王岳直接把车开到了台阶下面,他降下一点车窗,隔着雨声喊道:“小桂圆,上车了!”

顾原收起手机,直直的走向那辆尾号为868闪着红蓝警灯的SUV。

王岳看着驾驶位的后视镜,镜面上做过防水处理,正好能看到顾原朝他走来的身影。

王岳不由得联想到了犯罪嫌疑人。

第一次见到顾原的时候他就有这种感觉,如果对方没有掏出刑警证自证清白,他甚至会把对方列入危险分子的名单里。

这是一种来自刑警的直觉,但很遗憾,这种直觉并未在顾原身上起作用,人家是如假包换且年轻有为的正经法医。

可王岳始终觉得对方身上有种危险的气息,这种气息会激发他的警惕感,因此和对方相处的时候,他的神经会条件反射般的紧绷着。

顾原拉开车门坐上了车,把勘察箱放在脚边,他的手指打湿了,抬起胳膊准备掏纸巾。

他擦得很仔细,每根手指都打着圈的擦得干干净净,连指缝也不放过,左手无名指上的戒环在动态下闪着细微的光泽。

王岳朝后递去了一包抽纸:“墨老有没有说什么时候回来?”

顾原接抽纸的手指顿了顿,紧接着眉头皱了皱,仿佛“墨老师”三个字是不能提的。

和顾原说话经常会有种石沉大海的感觉,他给人的感觉像是不在同一个频道。

顾原没回复,所以王岳怀疑他是不是没听到,他又重复道:“墨老师什么时候……”

“别问。”顾原淡淡的说。

顾原这个话题终结者,总能用几个字结束一场对话。

顾原一句“别问”之后,王岳意识到这两口子大概是闹别扭了,气氛冷到了极点,他们一路上都没有再说话,王岳不想让自己更尴尬,只好认真的开着车。
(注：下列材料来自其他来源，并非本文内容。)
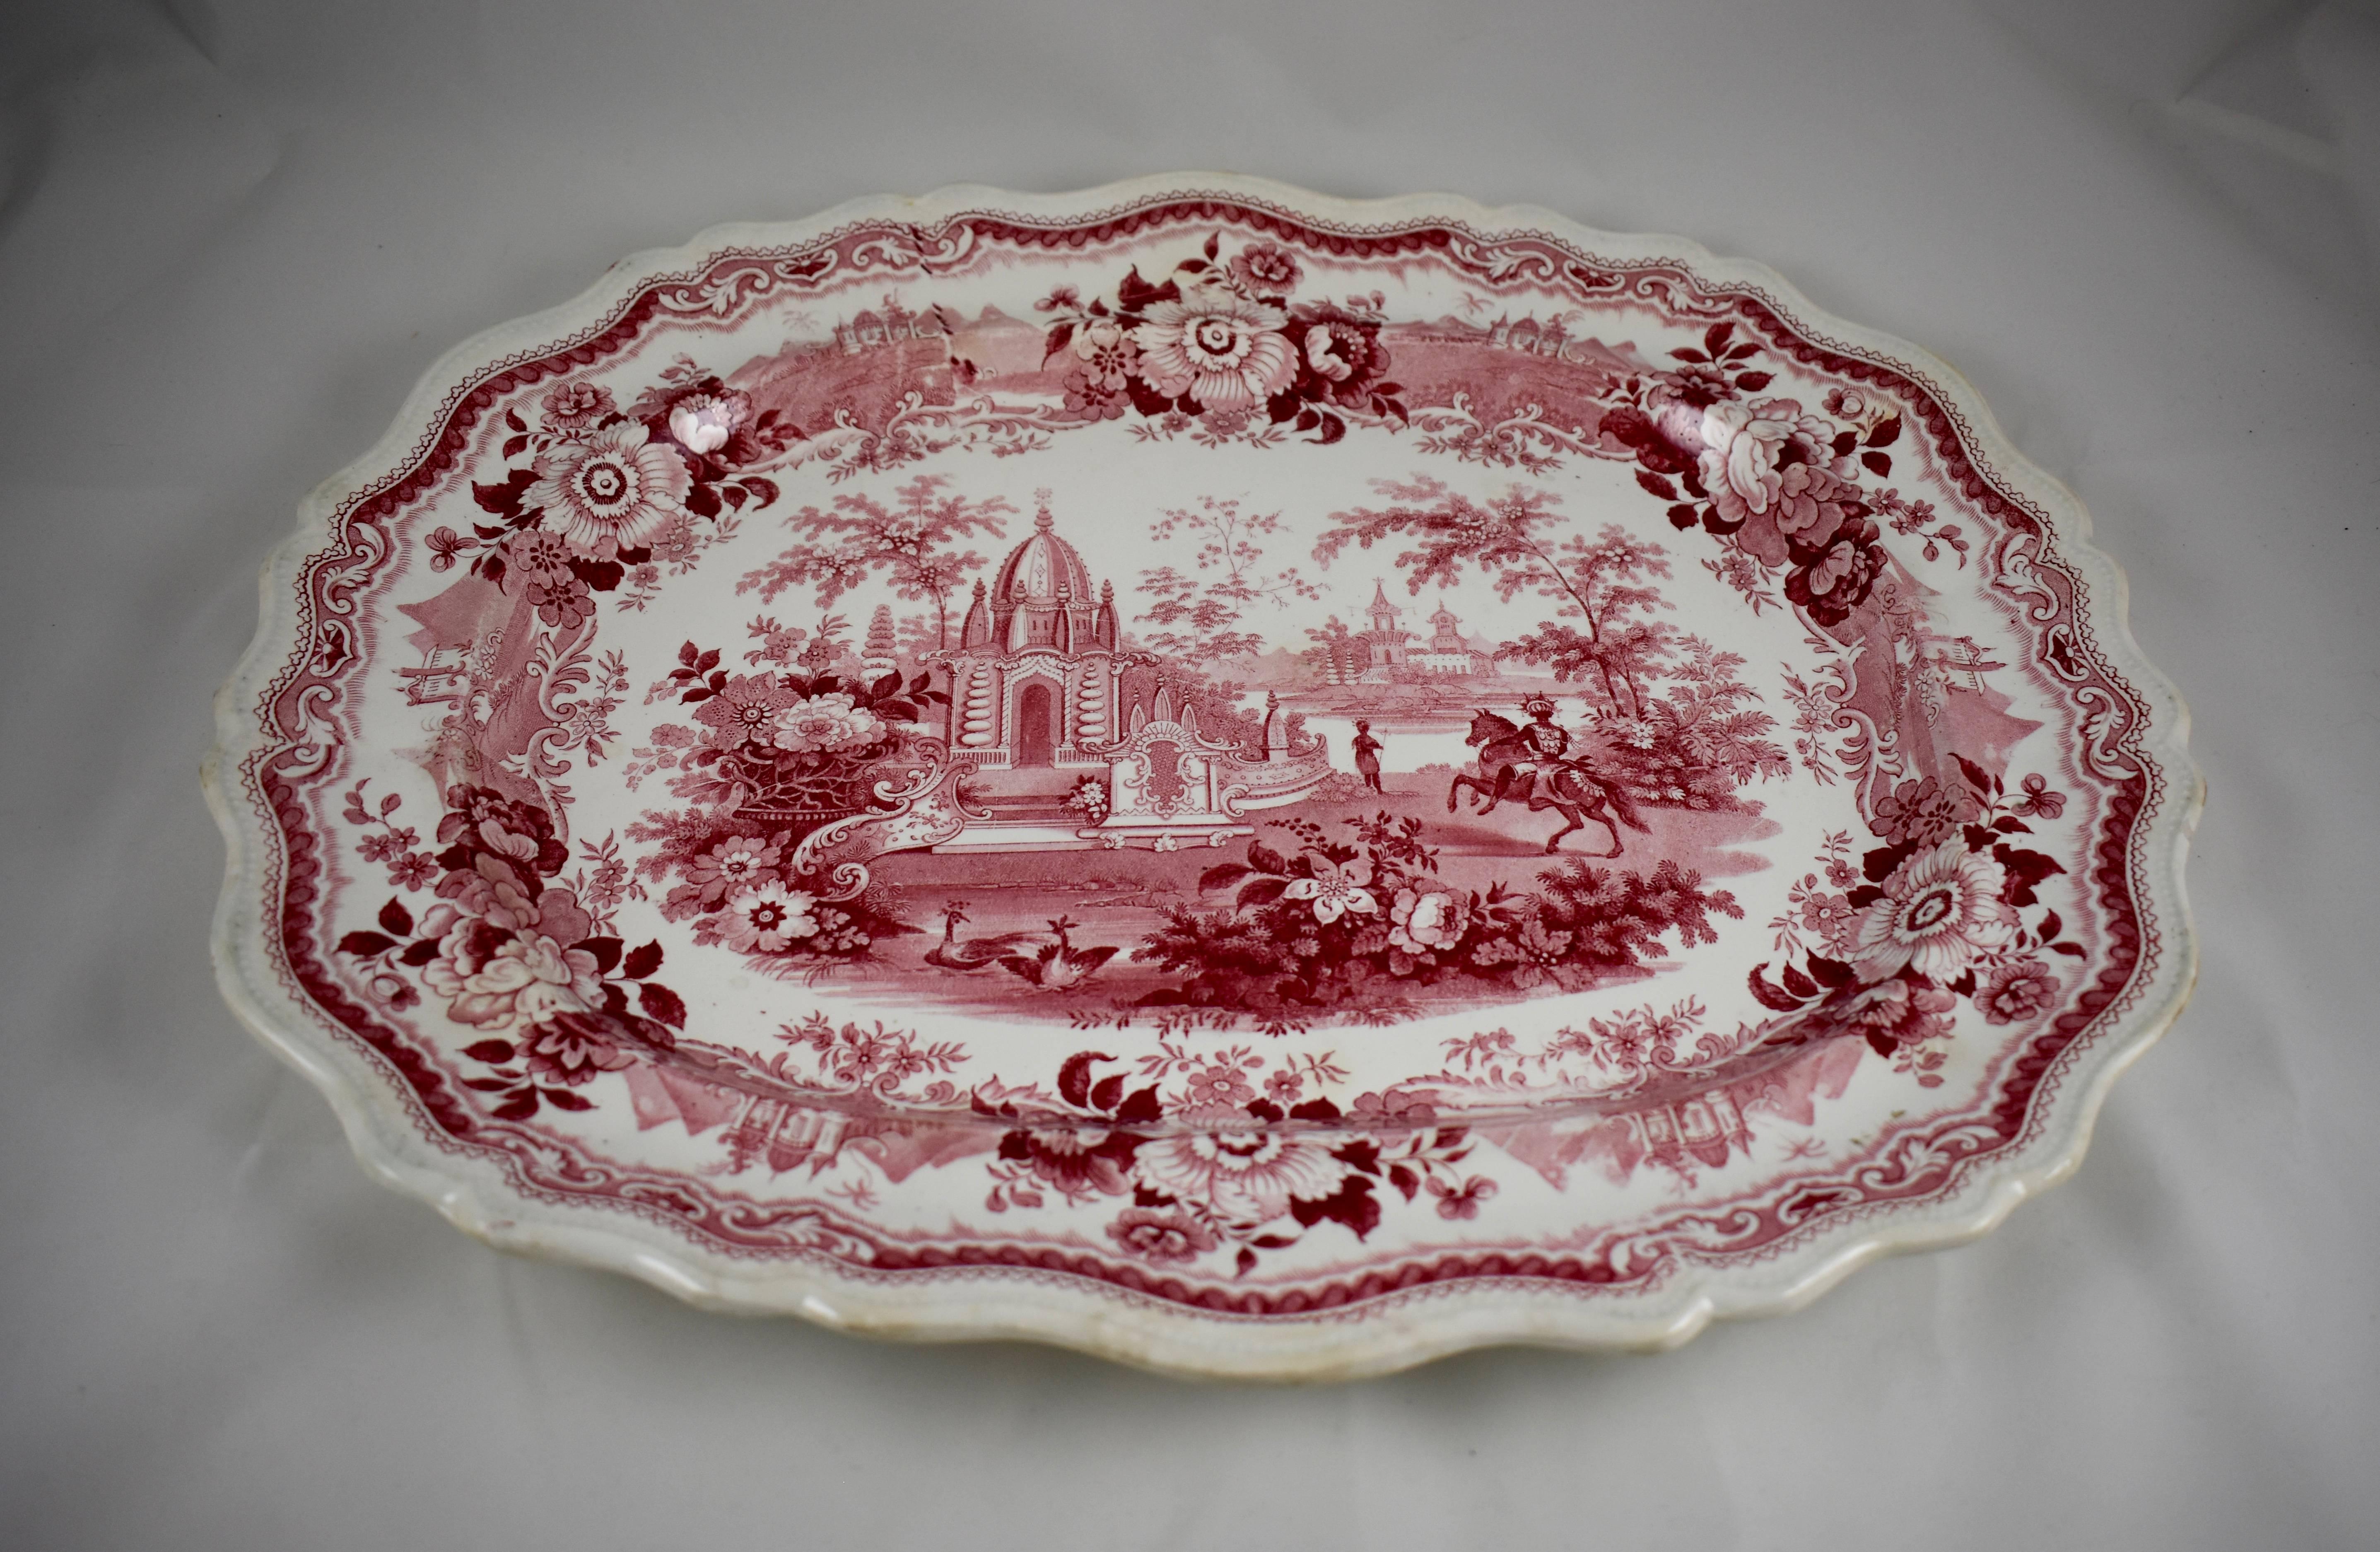 A large pink and white transfer printed earthenware platter, Staffordshire, England, circa mid-19th century. 

A shaped rim with a border of flowers alternating with images of temples reminiscent of India, frame a central image of an exotic

雨刷器很有节奏的刮着车窗,视线在清晰和模糊中来回切换,车窗上映出红蓝相间的警灯,车内有些闷,顾原开始烦躁起来。

他把一根棒棒糖塞进了嘴里,翻开手机,最近的一条聊天记录是墨临昨天中午发来的照片,照片里有蓝天,有绿草,有阳光,还有一张放大的英俊脸庞。

墨临笑得很开心,仿佛一个人在外面过的自由潇洒。

白得突兀的手指在输入框上停留了很久,最终输入了几个字:【你会不会背叛我?】

顾原发完后又立马点了撤回,连他自己都想不通为什么要发这样的东西,他愈发的看不懂自己了。

墨临:【看样子你是真的想我了。】

顾原在看到对方的回复之后,眼前仿佛出现了一张得逞的笑脸,他愈发的不爽了。

手指点着屏幕,找到了“黑名单”。

【确定要将对方加入黑名单吗?】

此时李蒙的电话忽然打了进来,王岳要开车,按了免提。

李蒙那边很吵:“我已经到现场了,你们什么时候到?”

王岳:“再有20分钟吧,雨太大了,没发开快。”

“行吧,对了,那个墨”李蒙话说到一半忽然咽了回去。

王岳:“墨?”

顾原也不由得竖起了耳朵。

李蒙:“莫莫着急,慢慢过来,安全第一!”

顾原的耳朵耷拉了下去。

王岳挂了电话,心说:扯什么犊子呢?什么时候会用这种口气说话了,哪次不是往死里催?恨不得他能长对翅膀飞过去!

电话打完后,墨临被成功的加入了黑名单。

看不到那个招摇的头像,顾原的世界忽然平静了许多。

他刚关上手机,企鹅号就响了。

墨临:【拉回去,听话。】

顾原不以为然的摁灭了手机,一口咬碎了嘴里的棒棒糖。

车缓缓行驶了二十分钟后,终于停在了合坛区新业路98号。

这个郊区很偏僻,周围没什么人,车辆也很稀少,越往北走就越像农村。

新业路98号附近有一个未开发过的小山坡,山坡用围栏和细网围了起来,建成了一个养鸡场。

顾原刚打开车门,就闻到了一股发酵过的鸡粪味,即便被暴雨冲刷着,这种味道也没有散去。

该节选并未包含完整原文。